Microalbuminuria - albumin levels too low to be picked up by dipstick but can be detected in the lab
Note – these changes can occur transiently – so if this is present you need to take measurements across time to confirm diagnosis
Important for prevention of significant diabetic nephropathy
What are the functions of the glomeruli, tubules and interstitium?
- Glomeruli (filtering units)
- Tubules (reabsorption)
- Interstitium (the ‘bit in between the tubules’). Mainly comprises microvascular capillaries in health)
Label the structures in the following diagram of a glomerulus.
How is acute kidney injury defined?
AKI is defined as any of the following:
* Increase in serum creatinine by > 26.5
μmols/L in 48 hours or,
* Increase in serum creatinine by > 1.5x baseline creatinine within last 7 days or
* Urine volume < 0.5ml/kg/hr for 6 hours - decreased
Mainly used creatinine - important for staging as shown in the attached image.
oliguric – little or anuric – no urine
Why is AKI important to study?
AKI is COMMON (affects 7% of hospital inpatients) and has adverse consequences:
* Increased length of stay in hospital
* Increased morbidity
* Increased hospital & post-discharge mortality
* Very costly (~£500 million/annum)
Is severe AKI independently associated with CKD and end-stage renal disease?
Severe AKI is independently associated with adverse renal outcomes:
- Increased incidence of chronic kidney disease
- Increased incidence of end-stage renal disease
Is AKI a diagnosis?
No! It is a syndrome - we need to think about what is causing the dysfunction.
How can we divide the causes of AKIs in three ways?
PRE-RENAL - reduced real or ‘effective’ blood volume
RENAL - glomerulus, tubules and interstitium
POST-RENAL - obstruction – multiple levels (e.g. ureter, bladder etc)

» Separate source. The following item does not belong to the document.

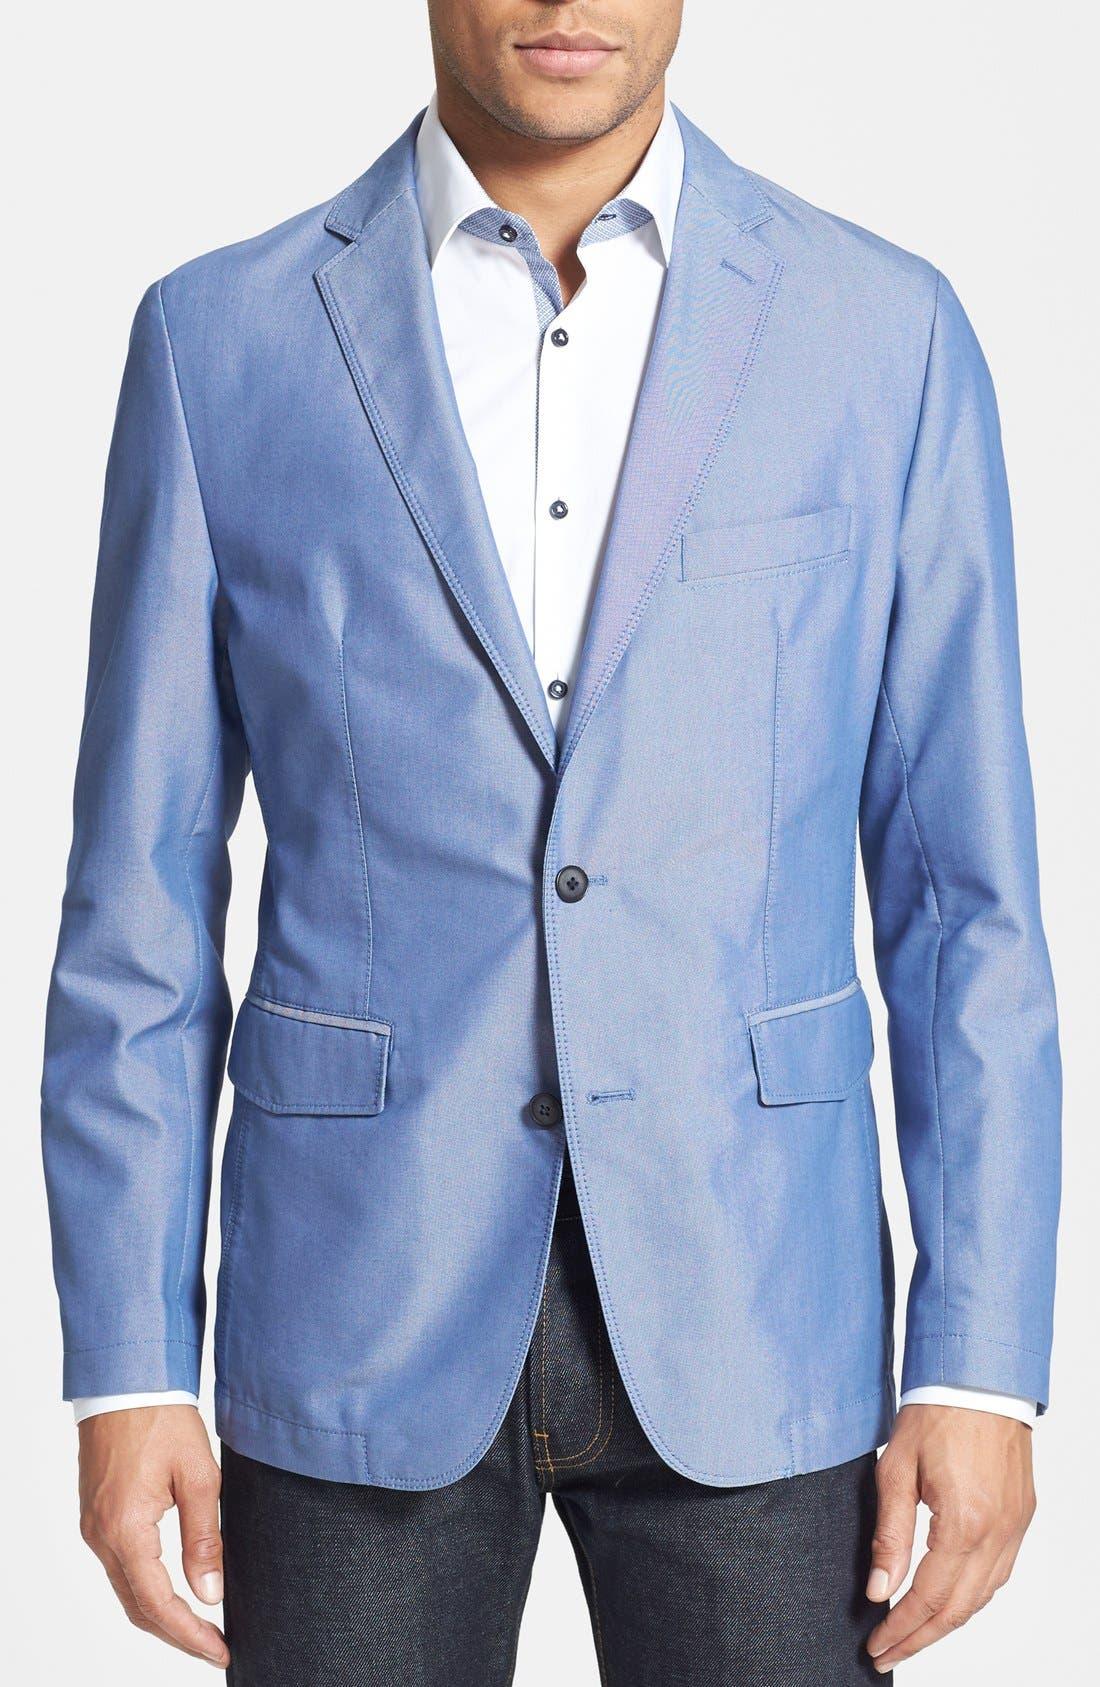 Main Image - BOSS HUGO BOSS 'Morell' Regular Fit Sportcoat

What are some pre-renal causes of AKI?
Hypovolaemia (low blood volume) - e.g. bleeding, 3rd space fluid losses, over-enthusiastic diuretic therapy!
Hypotension e.g. septic/cardiogenic shock, liver failure
Reduced renal blood supply secondary to severe renovascular disease (±ACEI) - stenosis, dissection of the abdominal aorta
ACEi blocks RAAS system - results in reduced renal perfusion - can be damaging therefore.
What are some post-renal causes of AKI?
Note - bilateral obstruction or obstruction of a single kidney (transplant) required for AKI – all kidneys need to be affected
Causes include:
* Prostate – hypertrophy (common), cancer
* Bladder lesions - tumour
* Ureter - calculi, tumour, extrinsic compression (retroperitoneal fibrosis, tumour)
How can renal obstruction be investigated?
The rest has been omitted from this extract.